The busy life of ex-first lady Sue Ann Thompson, who runs a foundation and writes a magazine column.

By - Aug 29th, 2013 12:12 pm

The August 2013 edition of Wisconsin Woman Magazine is on the streets, so I picked up a copy at Koppa’s Farwell Foods. As I paged through the glossy publication I came upon a column entitled “Sue Ann Says.”

What do you know? Wisconsin’s former first lady is still quite active as the founder and president of the Wisconsin Women’s Health Foundation, which she established in 1997 after undergoing cancer treatment.

Wisconsin Women's Health Foundation

Wisconsin Women’s Health Foundation

Part of her outreach is her column, which appears in a number of publications statewide. For August, a month when her husband used to gorge himself on fried whatever at State Fair, Sue Ann takes us to a farmers’ market to shop for some healthy goodies. “Make the farmers’ market your choice for healthy foods!” she exclaims. [See archive here.]

Sue Ann Thompson’s foundation has assets of $3 million and has received $22,868,934 in funding from 2007 to 2011, the most recent year for which financial information is available. This includes an extraordinary $17,119,850 in revenues in 2010.

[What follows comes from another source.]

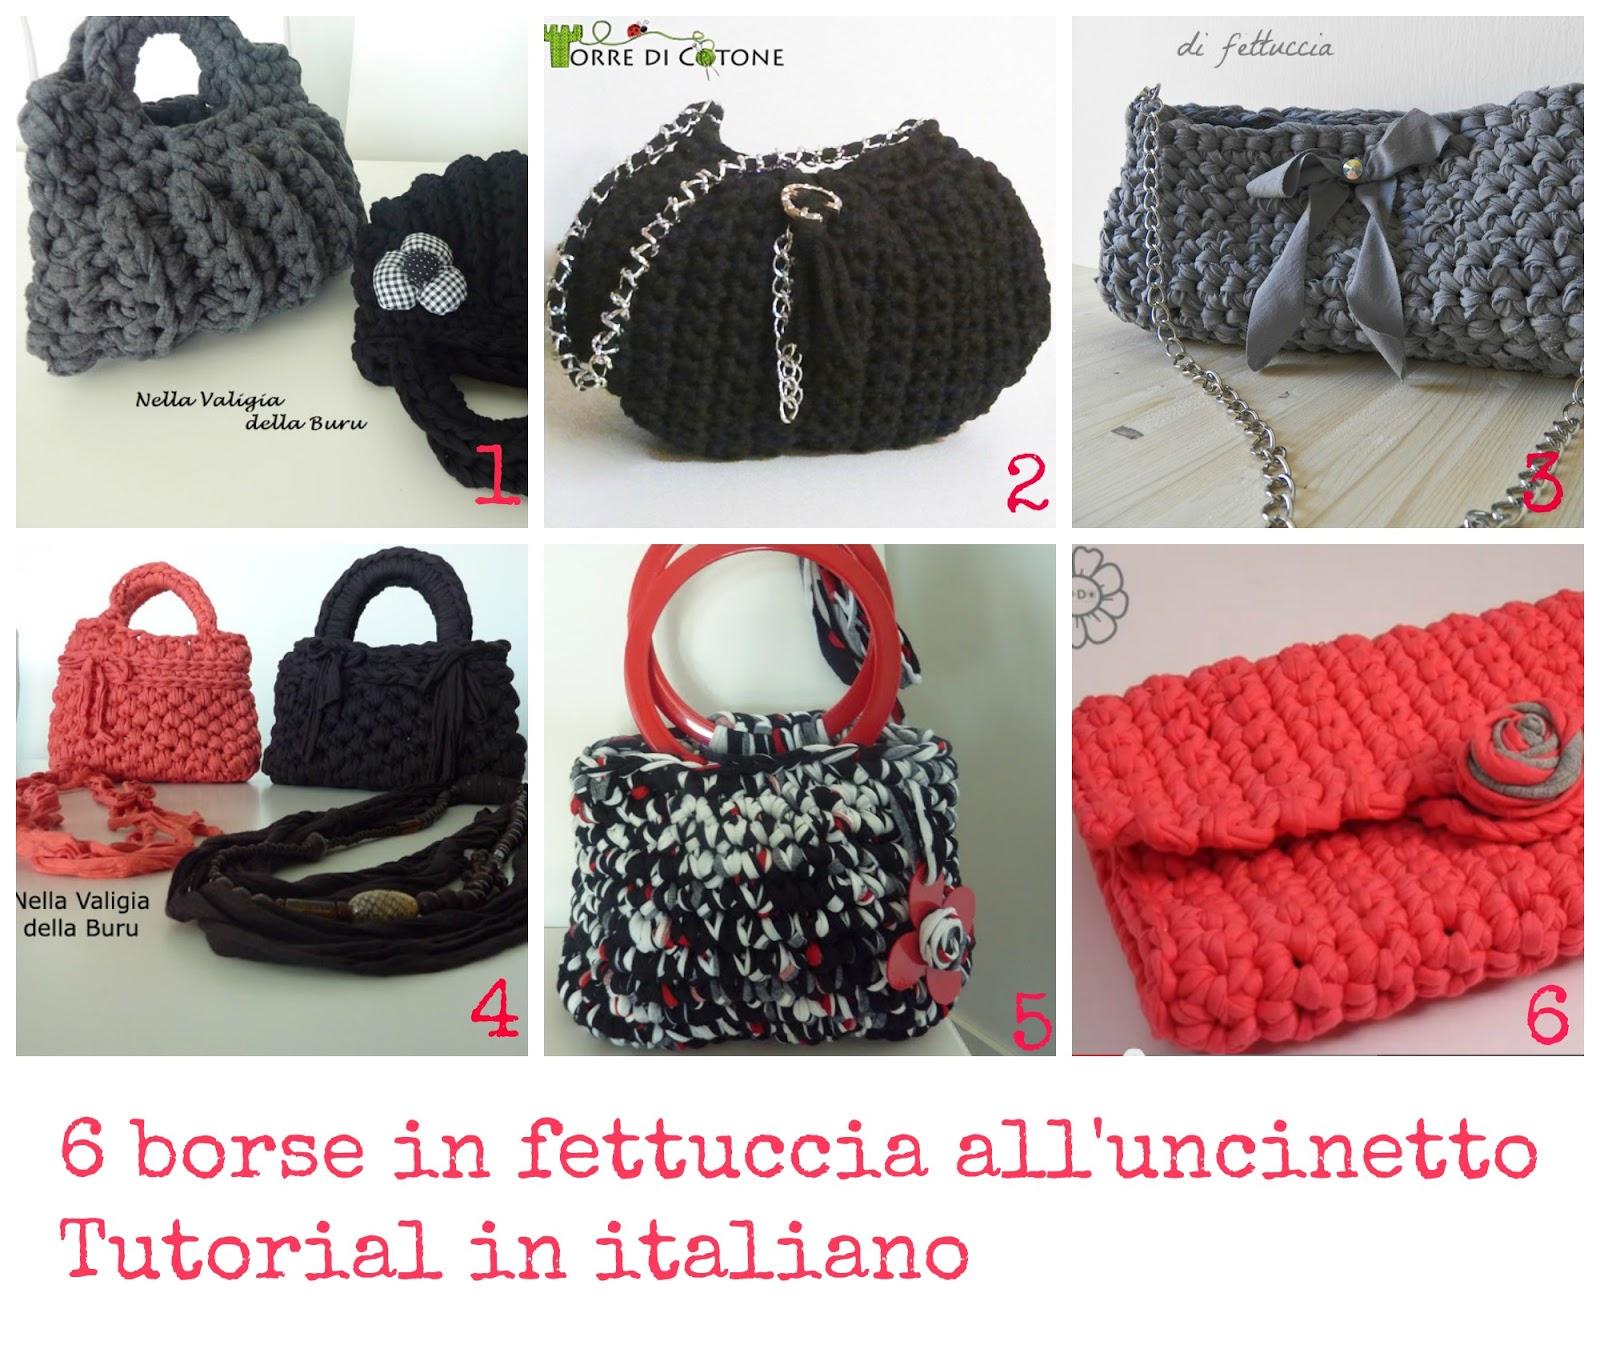 da13e0fde1dce 6 borse in fettuccia all uncinetto Tutorial in italiano ...
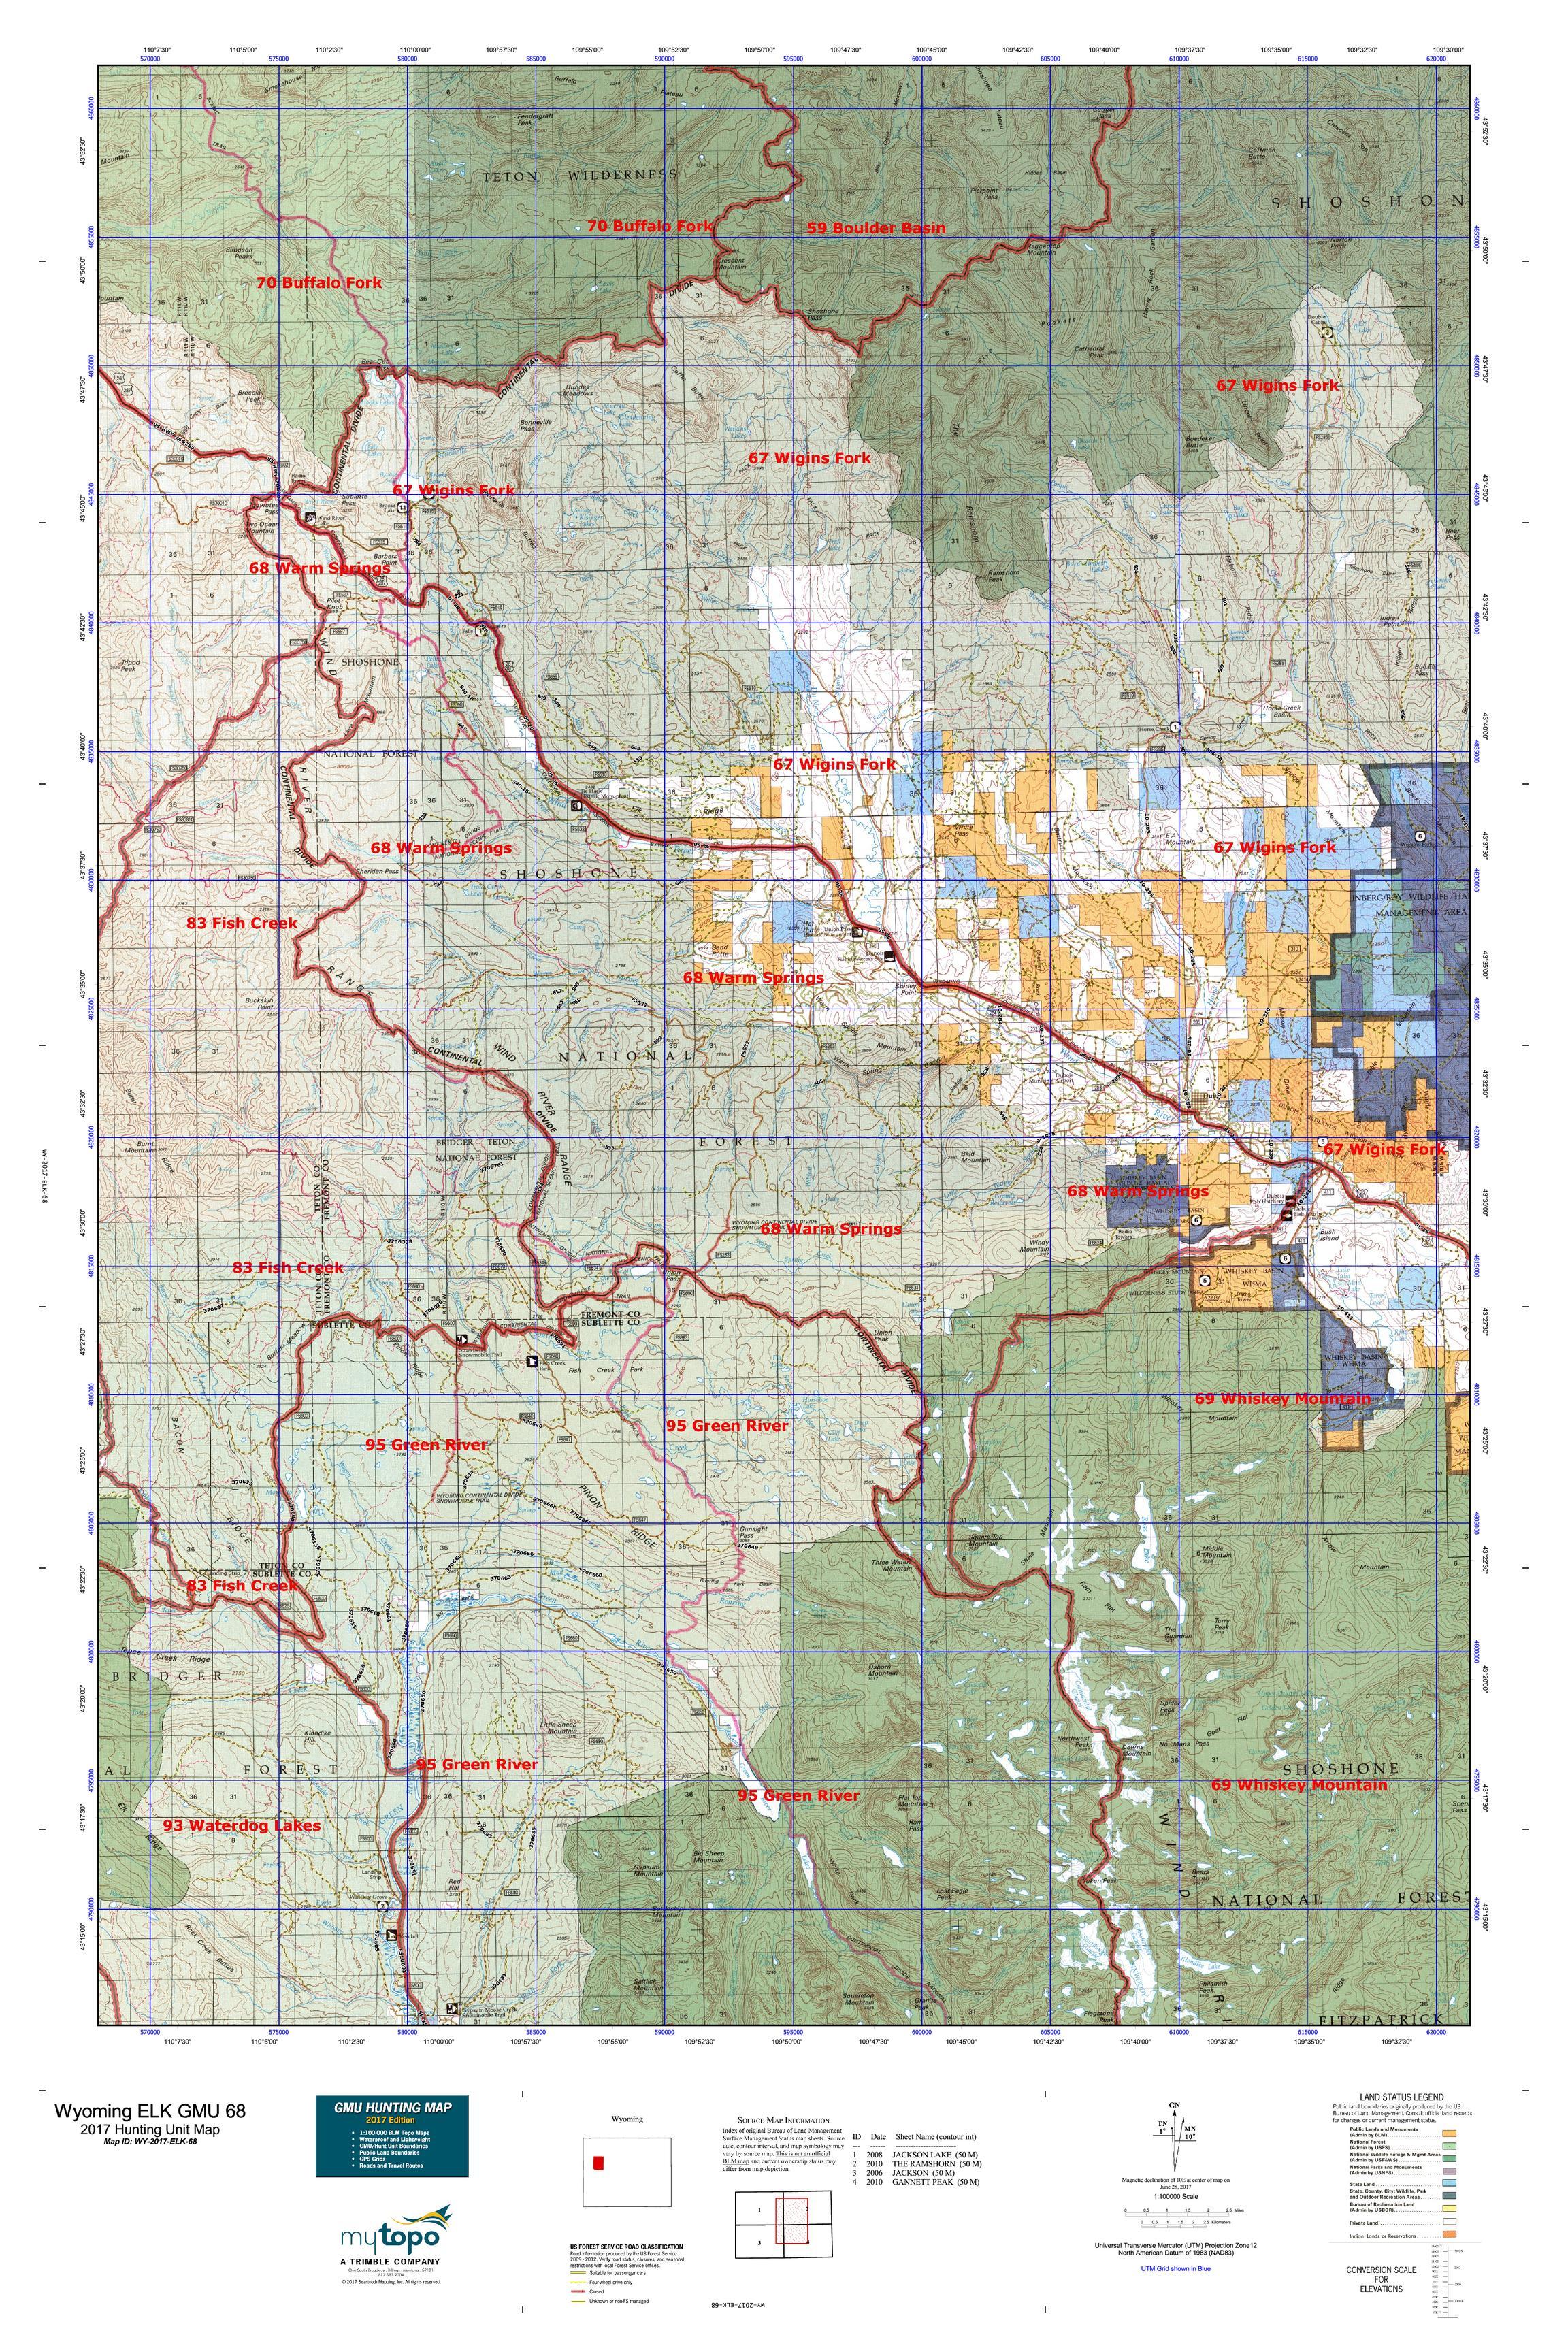 Wyoming ELK GMU Map MyTopo - Us 68 map

The organization administers the Kohl’s Southeast Wisconsin Breast Health Assistance Fund in conjunction with the Susan C. Komen for the Cure Foundation. It also sponsors a grassroots effort called Every Woman’s Journal, which seeks to use journaling to help women cope with difficult living situations and mental illness concerns. Workshops geared for 15 women or less can be held statewide in libraries, nursing homes and other like venues.

It also sponsors the Grapevine Project focusing on nursing in the faith community.

For coordinating these efforts, Sue Ann receives a salary of $67,183, which is considered to be “below industry standards,” or so says the organization’s tax return.

Her Finance and Operations Director is Tommi Thompson, who has worked there for the entire 15 years of the foundation’s existence. Like her mother (and grandmother) Tommi has also battled cancer.

The group is advised by a 14-member board that serves without pay. Among the board members is Jason T. Thompson, the son of Sue Ann and the brother of Tommi. He is an attorney with Michael Best & Friedrich in Milwaukee. That law firm was hired by the Republican-dominated legislature to create the redistricting maps that ensure Republican dominance in the legislature for the foreseeable future.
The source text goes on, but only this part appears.